Добавить в цитаты Настройки чтения

Страница 20 из 21

С визгом вылетела им навстречу юная фаворитка Афродиты, да и сама она торопливо спускалась по ступеням крыльца.

Все пришло в движение. По острову полетел слух, что в гостях у Афродиты боги Олимпа. Вечером пир, не просто пир, а пир богов, небожителей.

Однако пира не было. Афина с юной жрицей появились у моря и легли загорать на белый песок, a Apec и их хозяйка пропали, не показываясь нигде. Солнце сделало свой круг, но на вечерней трапезе была только рыжеволосая дева-воительница.

Тем временем Сибилла, потягиваясь на огромном ложе в своей опочивальне и опираясь на могучую грудь Микулицы, ворковала:

– Николя, голубчик мой, поедем завтра по острову, я покажу тебе, сколь я тебе храмов понастроила. И в Фамагусте, и в Лимассоле, и даже в горах, куда орлы не залетают. Поехали милый мой. Там такие хоромы около каждого храма отстроены, будет, где отдохнуть.

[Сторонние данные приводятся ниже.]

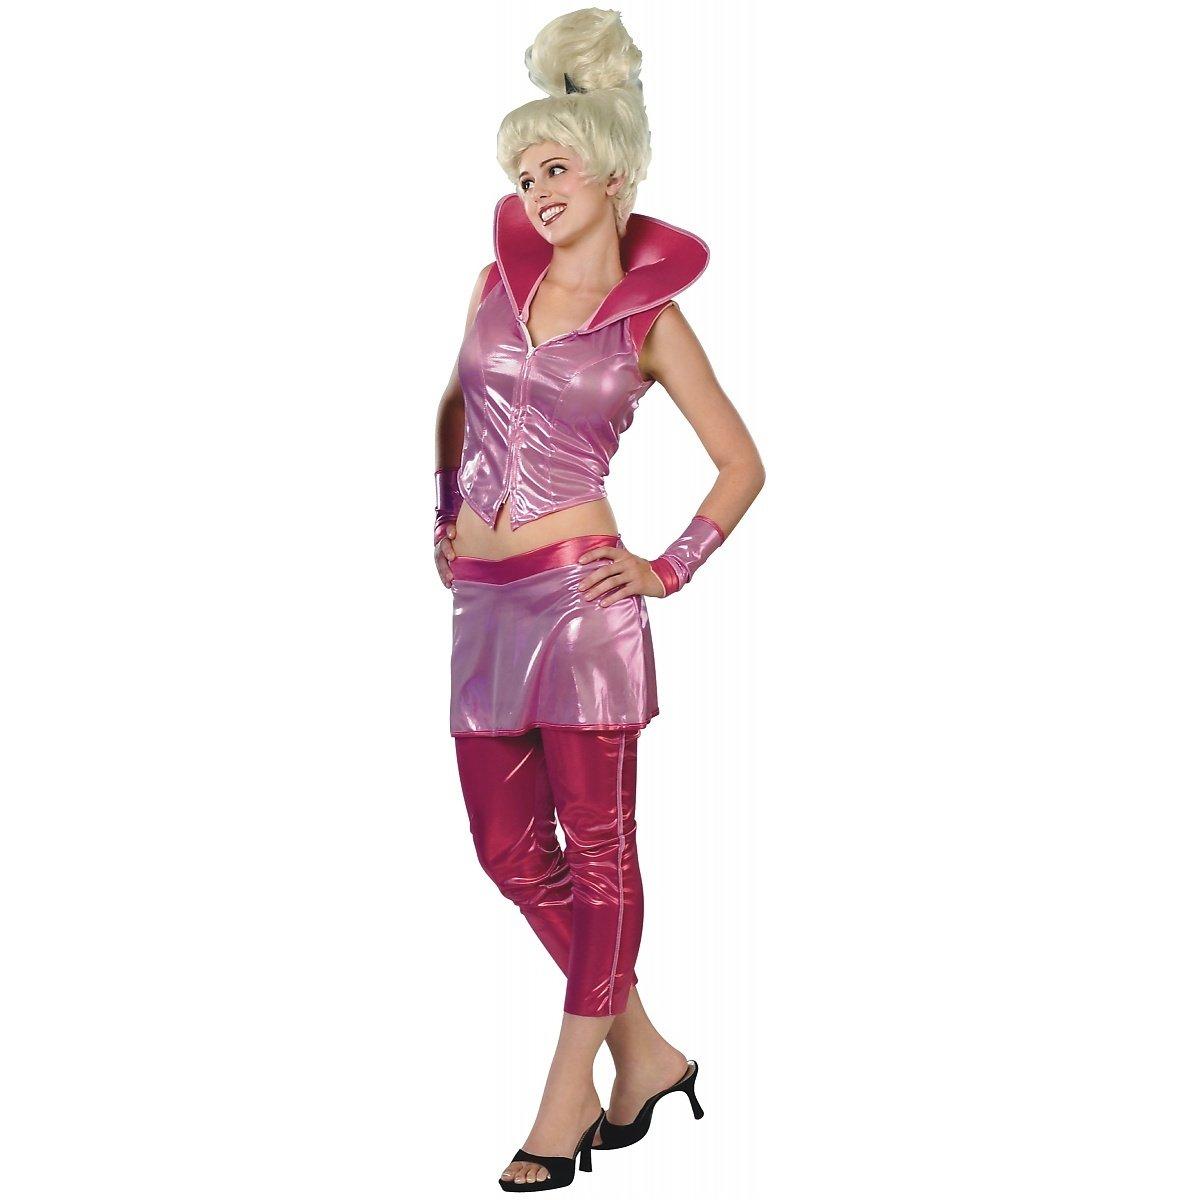 Judy Jetson Halloween Costume

– Ты ж знаешь, златовласка, он погладил ее по голове, и она вся уместилась в его ладонь, – Ты ж знаешь спешить надо. Дел не в проворот.

– А тебе то куда? Пусть Марийка катится со своей Жанкой в Аркон к Артемиде и Велесу, там малявке надо воинскому искусству учиться. А тебе то что? Тебе-то не к спеху. Я ведь все знаю, – Она почесалась как кошка о его ладонь, – На Русь ты успеешь, к Варфоломею еще рано. В Париж тебе не скоро.

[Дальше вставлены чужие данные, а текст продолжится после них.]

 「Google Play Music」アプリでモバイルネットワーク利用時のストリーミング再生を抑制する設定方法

– Откуда ты все знаешь? – Забывшись, удивился он.

– Так я ж Кассандра вещая. Забыл, что ли соколик? Я даже знаю, что это наша с тобой последняя любовь. Дальше будем, как брат и сестра. А ты хочешь и сейчас все в клубок свернуть.

– Так я ж не против, но время поджимает.

– Не терзайтесь вы, – Вдруг со свода опочивальни раздался знакомый голос Мари, – Пир сегодня отгуляем, а то все ждут пира богов, и помчимся мы с Жанной, как правильно сказала моя подружка милая, в Аркон. А тебя с ней оставляю.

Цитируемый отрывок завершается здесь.